In Corporate, General

The magic of painting pictures (B Roll) over a subject talking to camera hit me recently. I was working on a project with Pencalenick School, Truro. It consisted of three days of filming, followed by five editing.

The initial brief was to produce five short videos for the school website of senior teachers speaking about their particular curriculum and assessment responsibilities. “Simple,” “clear” and “jargon-free” were the watch words. It was anything but simple on the day, as the infamous “bloopers” video that I compiled demonstrated. But that’s obviously not available for public consumption.

Each of the five videos centre around a list of common questions drawn up by Helen Campbell the Head teacher and are answered by the five teachers. The whole purpose of the project was to make it easier for the parents of the pupils to gain a greater access to and understanding of important information on the school website.  “Why read pages of text on a computer screen when you can watch a video in stead?”

The content of the interviews was excellent as you can see from this very raw, rough cut of Assistant Head teacher, Ali Russell.

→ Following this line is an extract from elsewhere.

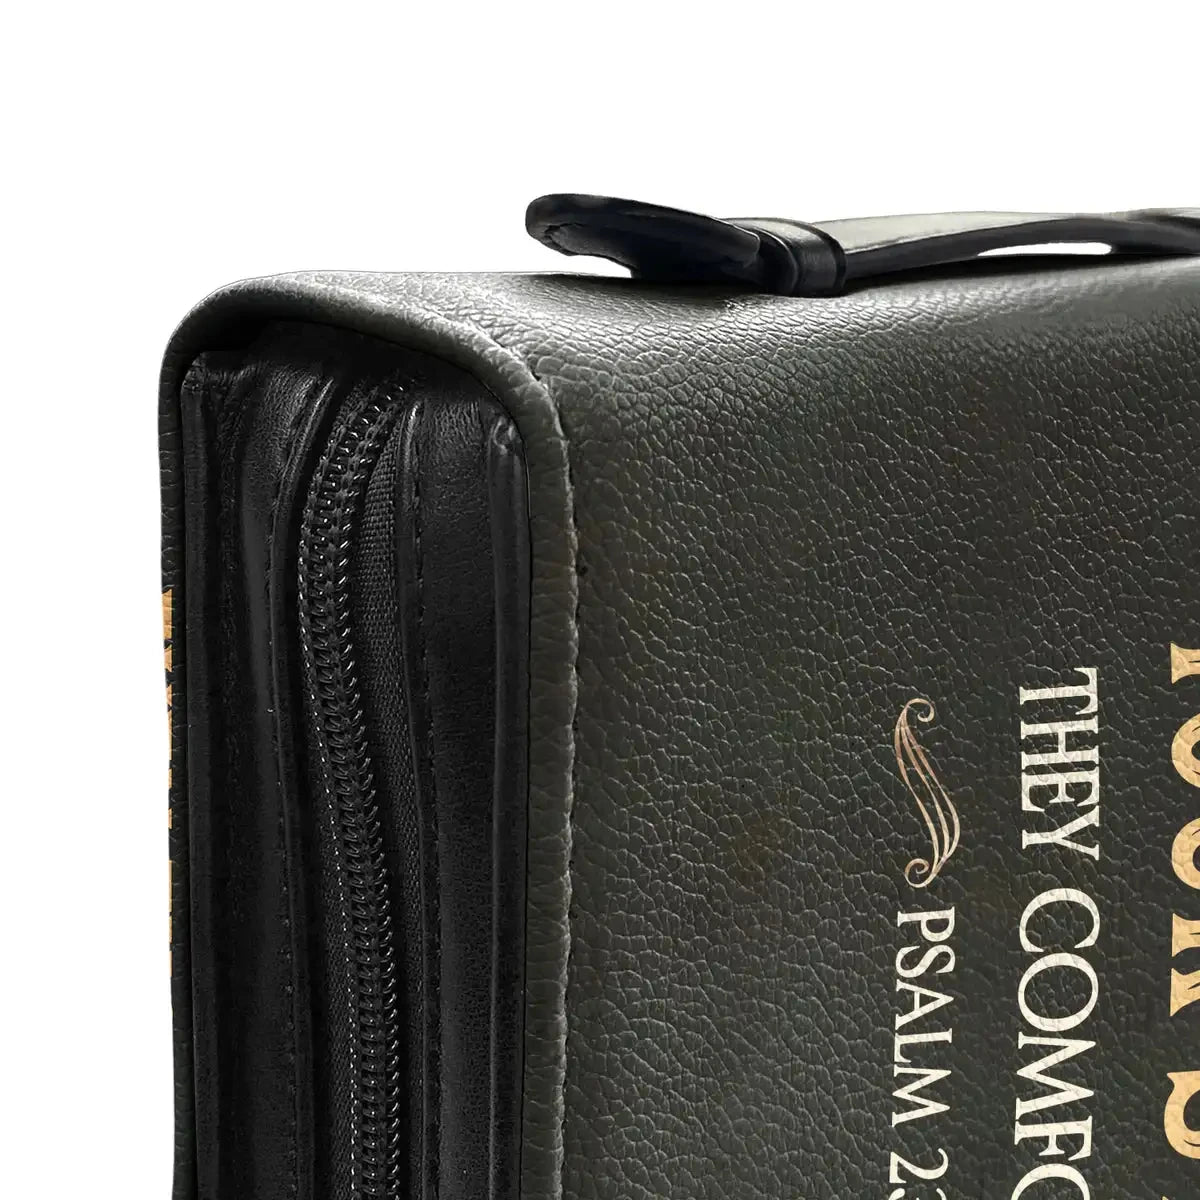 Personalized New PU Leather Bible Bag I Will Fear No Evil for You Are with Me Words Lion Design Women Handbags Study Book Holy Storage Box

She speaks in very broad strokes about Pencalenick School’s curriculum. Now, this may not be the most scintillating of topics for most people, but is vital for the parents of the children at Pencalenick School.

I managed to inter cut between the two camera angles and edit the sync. as best I could. I also applied the occasional morph cut. But in reality you need more than a talking head and so we extended the brief with the aim of spicing things up and breaking the monologue down. Cue B Roll!

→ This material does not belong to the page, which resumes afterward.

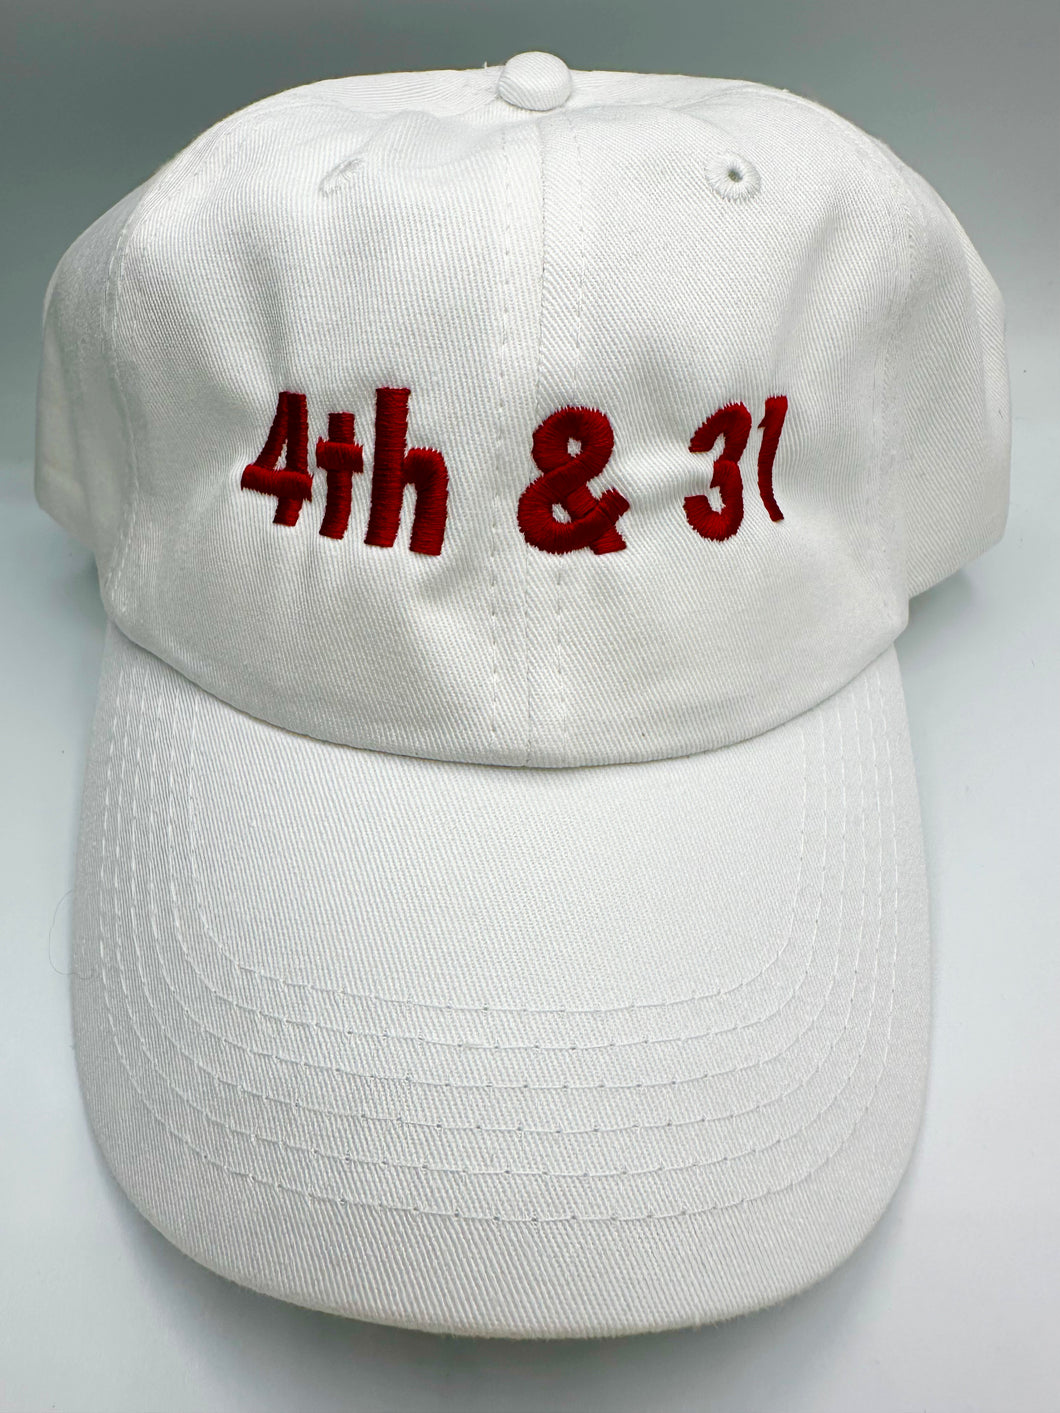 4th & 31 White Game Day Unstructured Custom Cap Hat

So what is B roll footage?” Well, it is defined as the additional footage  (usually filmed at a later stage) which is superimposed at key points on top of the “A roll” footage of the interviewee. B roll can really enhance a project if used judiciously and creatively and not just as wallpaper”

1. Great B roll should illustrate and emphasise what the character says in a beautiful way. So, in the video below, you’ll see two types of association between what Ali said and the illustrative B roll footage. The first is primary association. When our subject mentions a suitcase being packed and unpacked, the viewer sees a suitcase being taken around the school and being filled with simple artefacts from the lessons filmed. Secondary associations are more subtle and often missed by the viewer.  When Ali talks about two journeys and pathways through the curriculum,  B roll  of two pupils  riding go-karts appear on the screen.

2. B roll is also very useful for the editor to  hide visual errors and distractions in the sync; things like  jump cuts, bad eye lines, “umms” and “errs” etc. All this correction carried out under the B roll does wonders for the performance of the interviewee and it is common practice in mainstream television, unless the programme is going out live.

3. B roll can also be used to create visual and dramatic space between the sync. Ali is very fast talking Scot. Inserting B roll between the various points that she makes allows the scene to “breathe”. Pace and timing  are everything in video.

In short, B roll is all about painting pictures and you need a high ratio per length of the final video. In our example these pictures  illustrate and enhance the interview, making the whole video more digestible for the audience. Finding decent locational shots of Pencalenick School was not difficult. The main building and grounds were once an old mansion, and they look stunning. There is also a fascinating history behind them; one that features Dwight  “Ike” Eisenhower, the American Army general and statesman.  But that is another story. The children and teachers of Pencalenick School were, of course, the stars of the videos. They were incredibly patient, helpful and accommodating on the days of the shoot.

My thanks to Helen, her passionate staff and delightful pupils.